When Ferrari first commenced experimenting with a mid-rear configuration for the powerplant, this automobile rolled on the scene. It was one of three prototypes standing at the vanguard of a drastic alteration in engine location. Although Enzo Ferrari remained hesitant towards the notion of an in-the-middle V12, Gianni Agnelli and the US importer of Ferrari, Luigi Chinetti, were totally captivated and ultimately acquired possession of the only two production models ever manufactured.

This automobile is the next model and sports a chassis figure of 8815. Reportedly, it was specifically requested by Agnelli, with indoctrination occurring sometime in 1966. For Chinetti’s automobile, an all-encompassing lexan sunroof was included from the start; however, Agnelli’s edition had the sunroof added to it right after fabrication. Subsequent to it being manufactured, his car went from its original metallic grey color to blue and then red; post-restoration, though, it has resumed its prototypical radiance.

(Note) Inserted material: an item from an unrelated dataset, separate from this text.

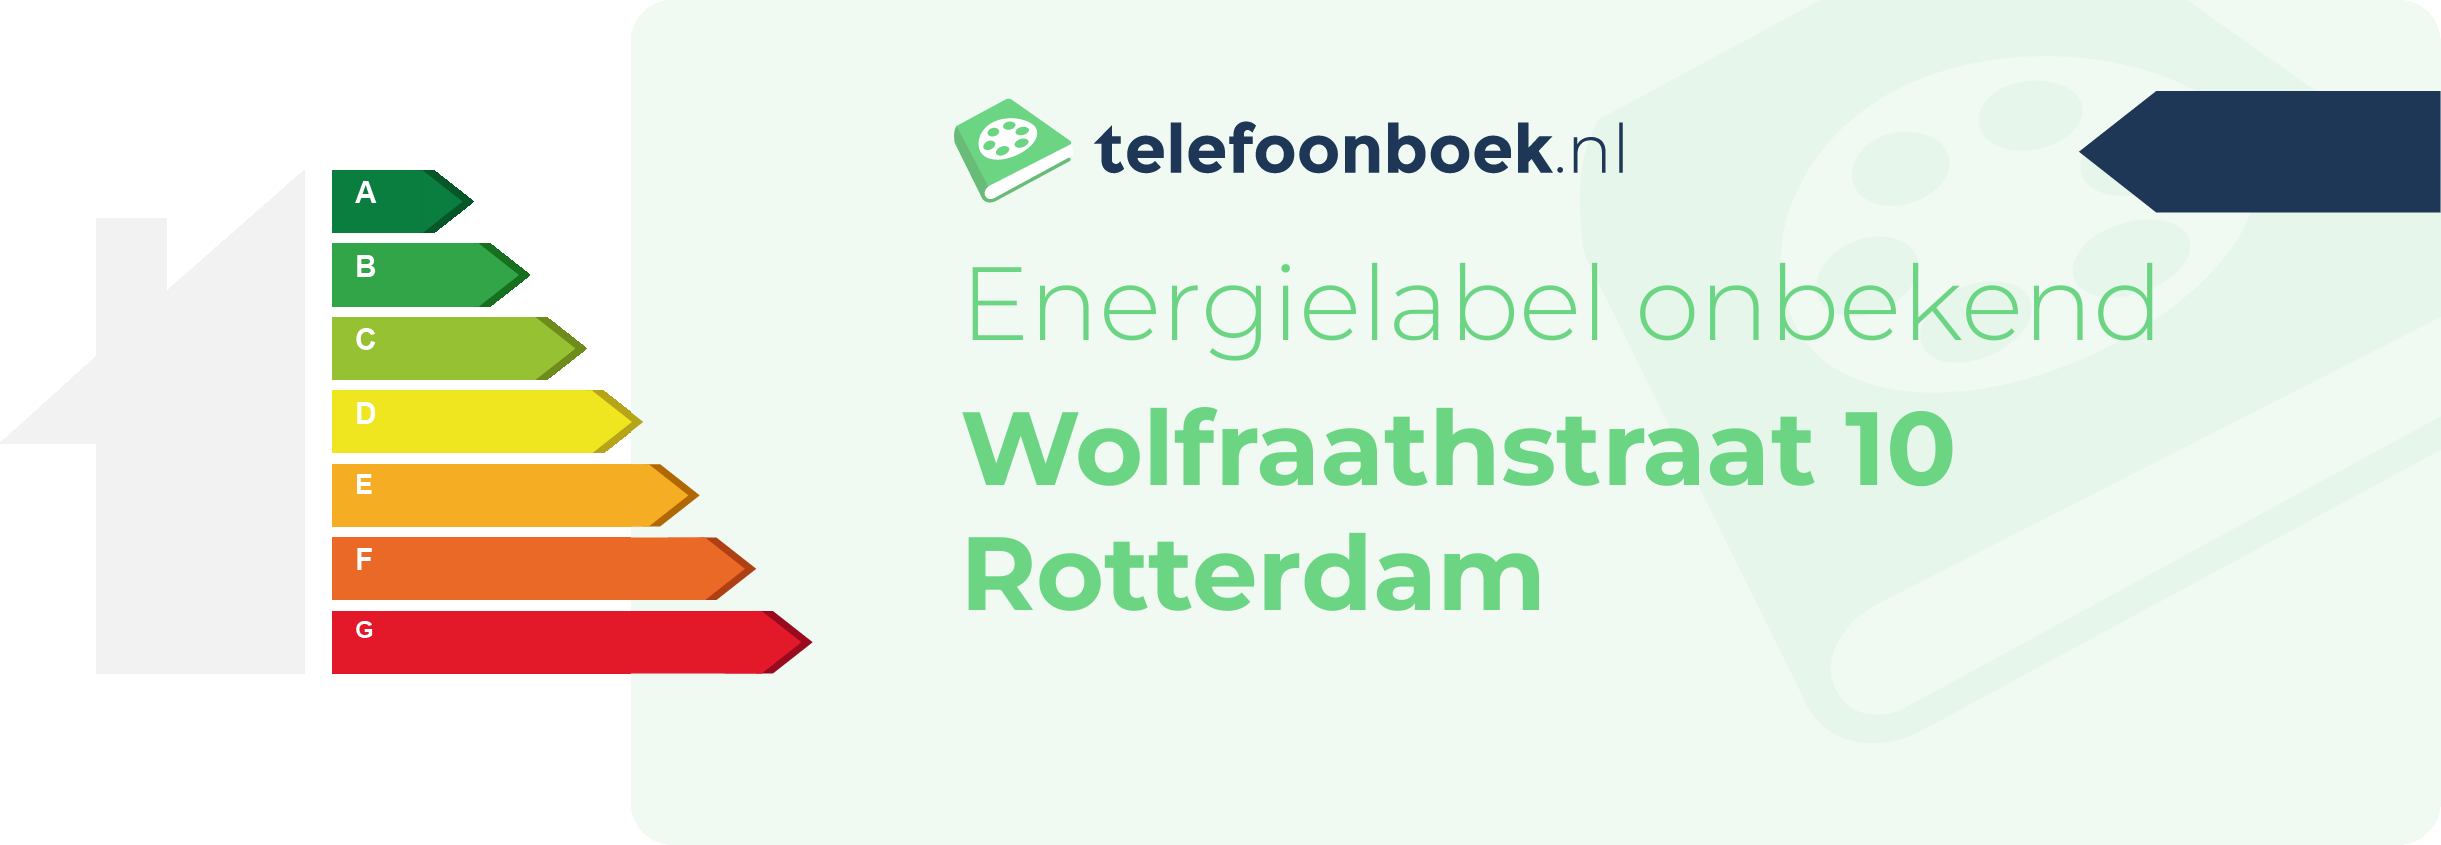 Energielabel Wolfraathstraat 10 Rotterdam

A Colombo-engineered 60-degree V12 (advancing up to 4.4 liters and propelling 375 horsepower) drove the 152mph three-person car, and although it’s not as swift as a contemporary Ferrari 296 GTB, the Tre Posti has its own charm. We’re unfamiliar with what such a vehicle is worth, but if ever it is accessible in the market we guess the cost can be counted among the priciest Ferraris sold.